DATA EXCERPT:
+ + + + +
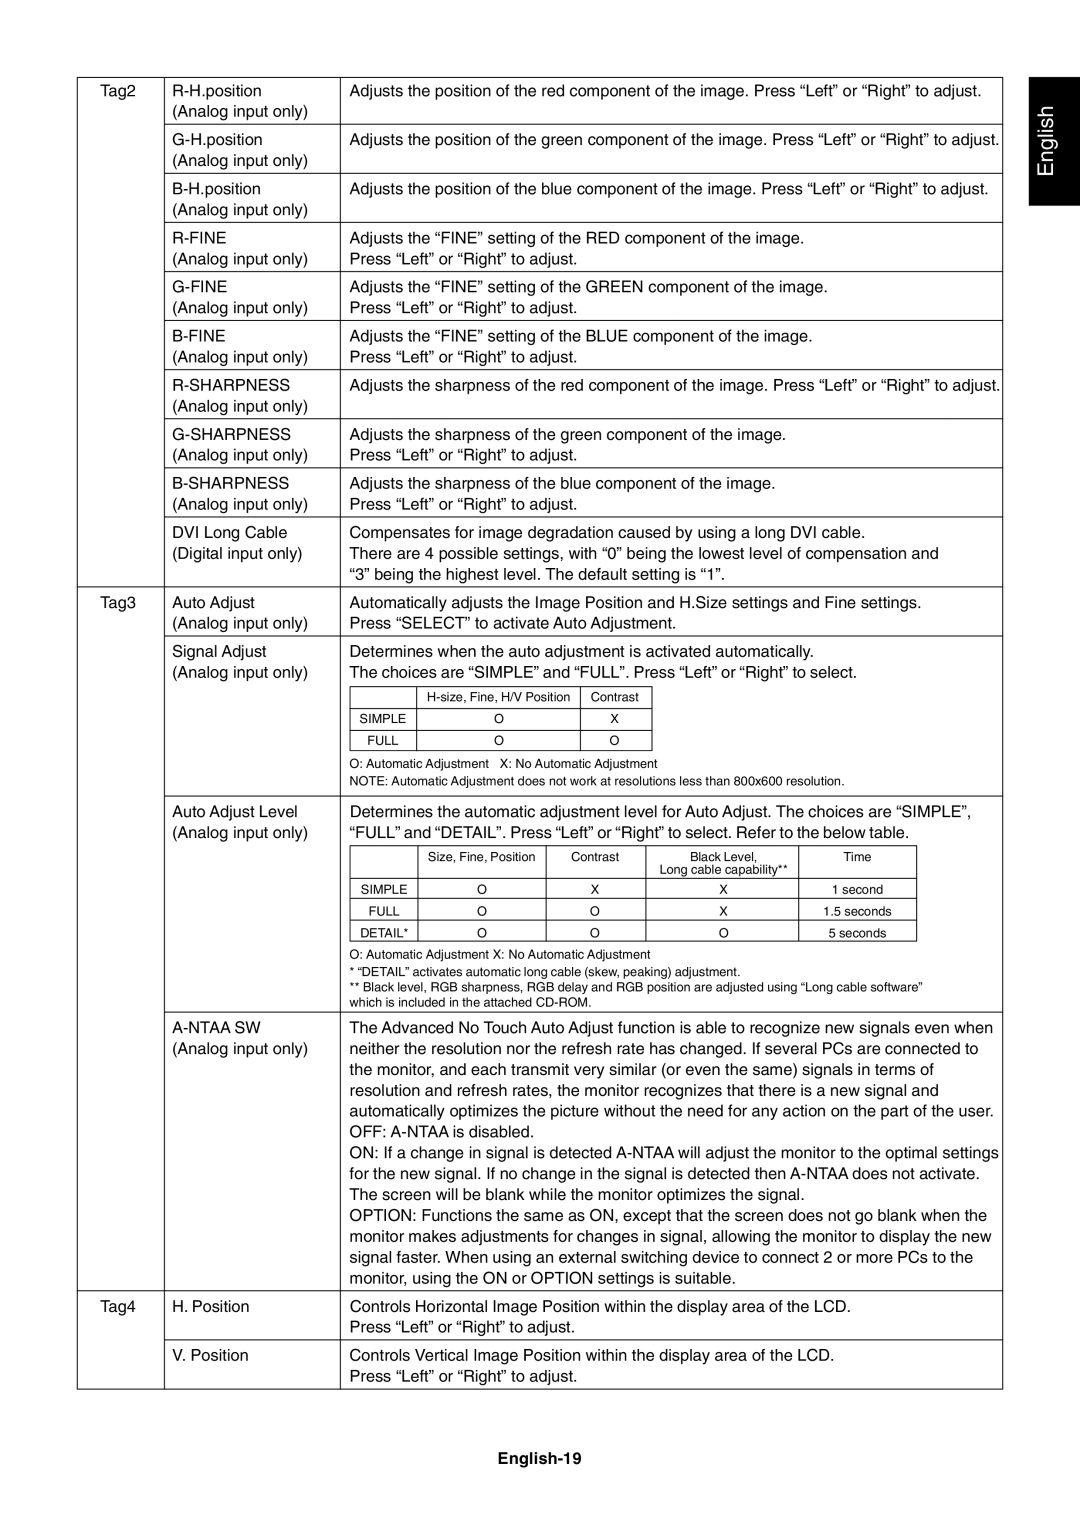 NEC LCD2690WUXi user manual English-19 
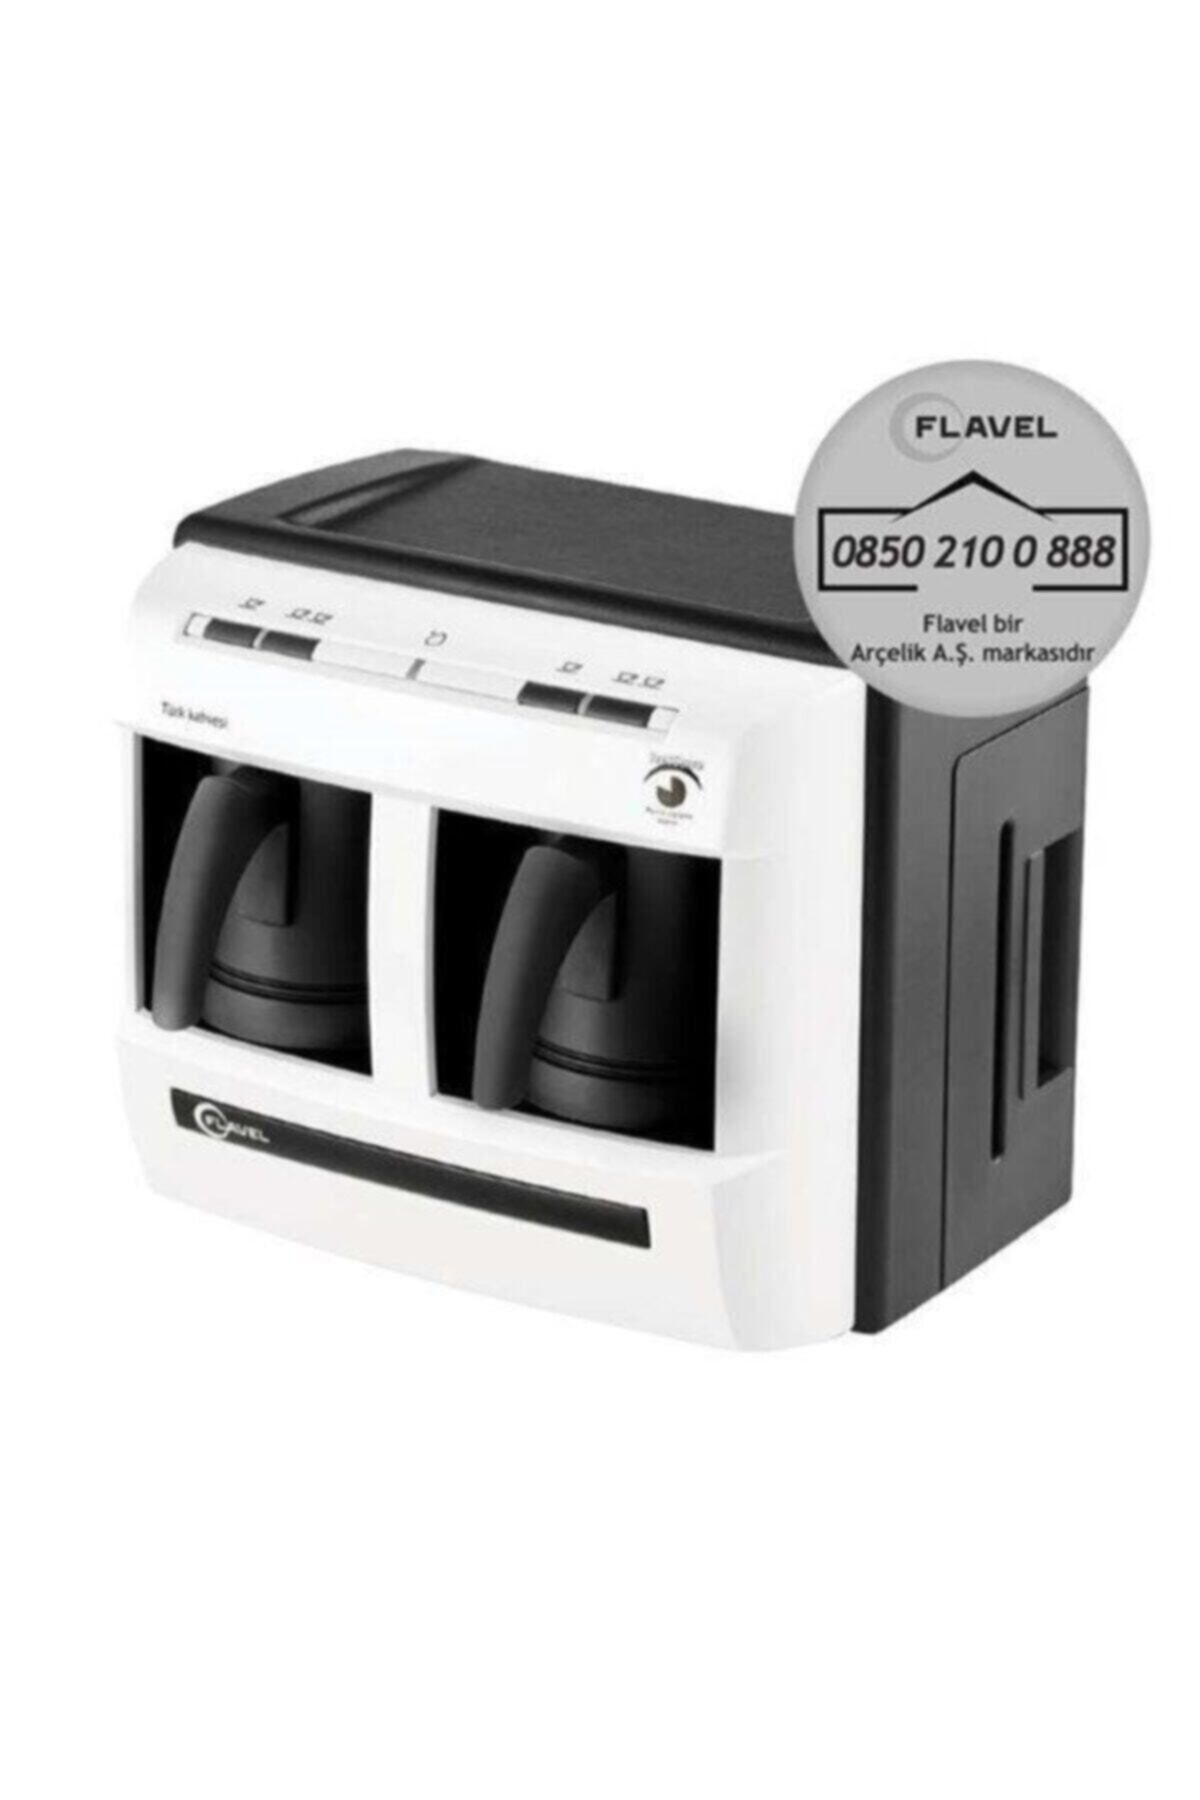 Flavel Flv200 Türk Kahvesi Makinesi Beyaz Cıftlı- Arçelik Servis Garantili
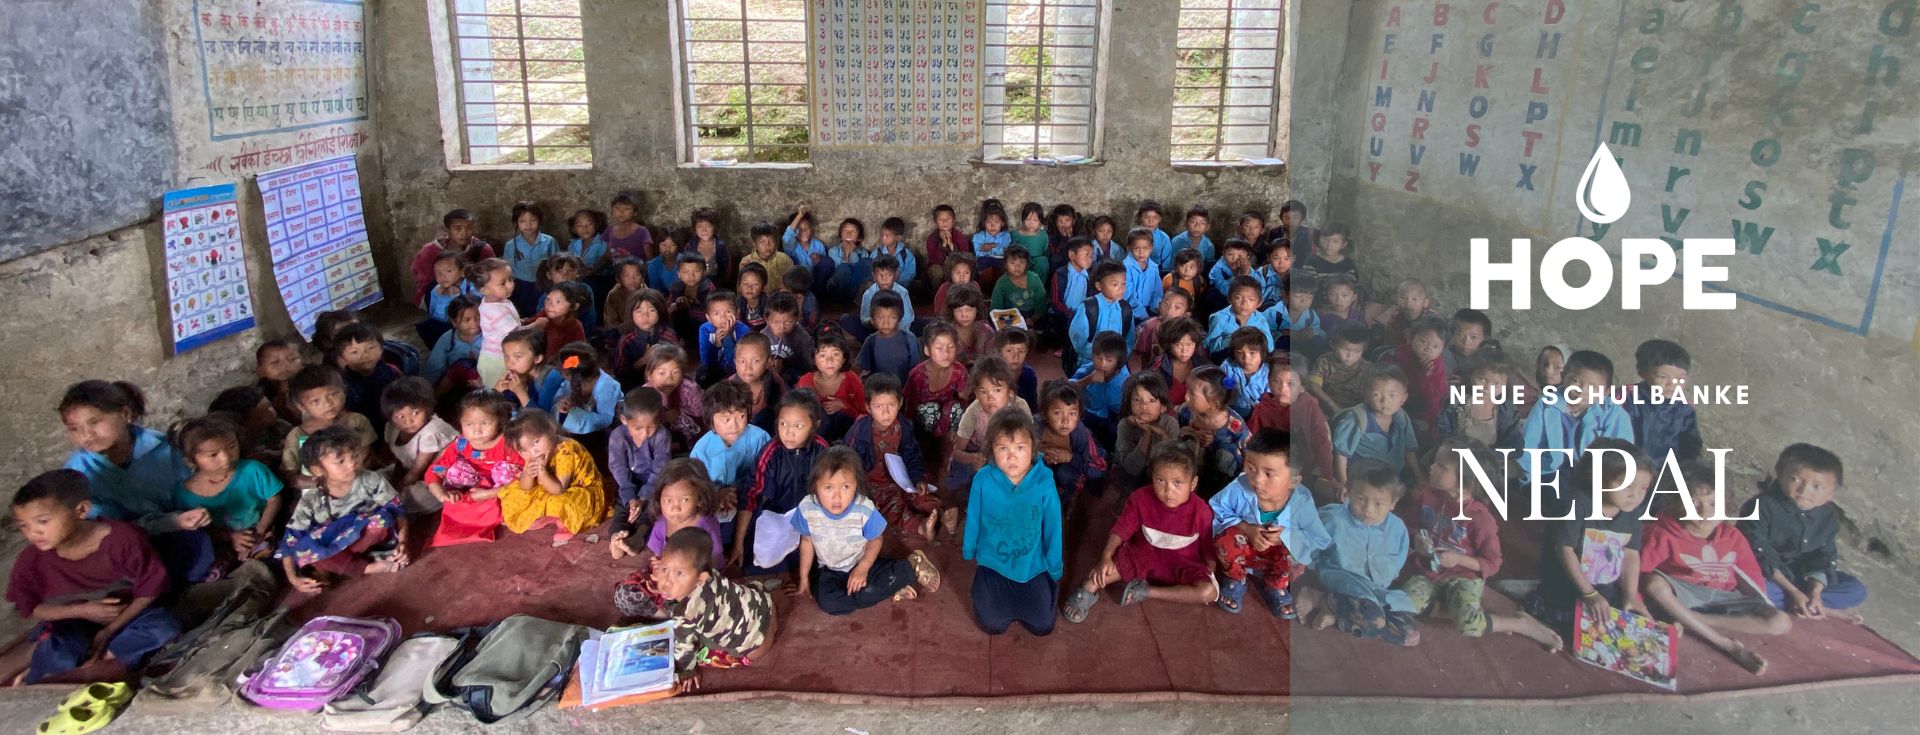 Kinder brauchen Hilfe, Nepal, Hilfe, Bildung, Schule, Schulbänke, Zukunft
+ + + + +
ACTIVITY:
Drop the pictures, then transcribe the lines from the one containing "Flavel Flv200 Türk" to the end of the data above, exactly and nothing more.

RESPONSE FOR THIS EXERCISE:
 Flavel Flv200 Türk Kahvesi Makinesi Beyaz Cıftlı- Arçelik Servis Garantili
 Kinder brauchen Hilfe, Nepal, Hilfe, Bildung, Schule, Schulbänke, Zukunft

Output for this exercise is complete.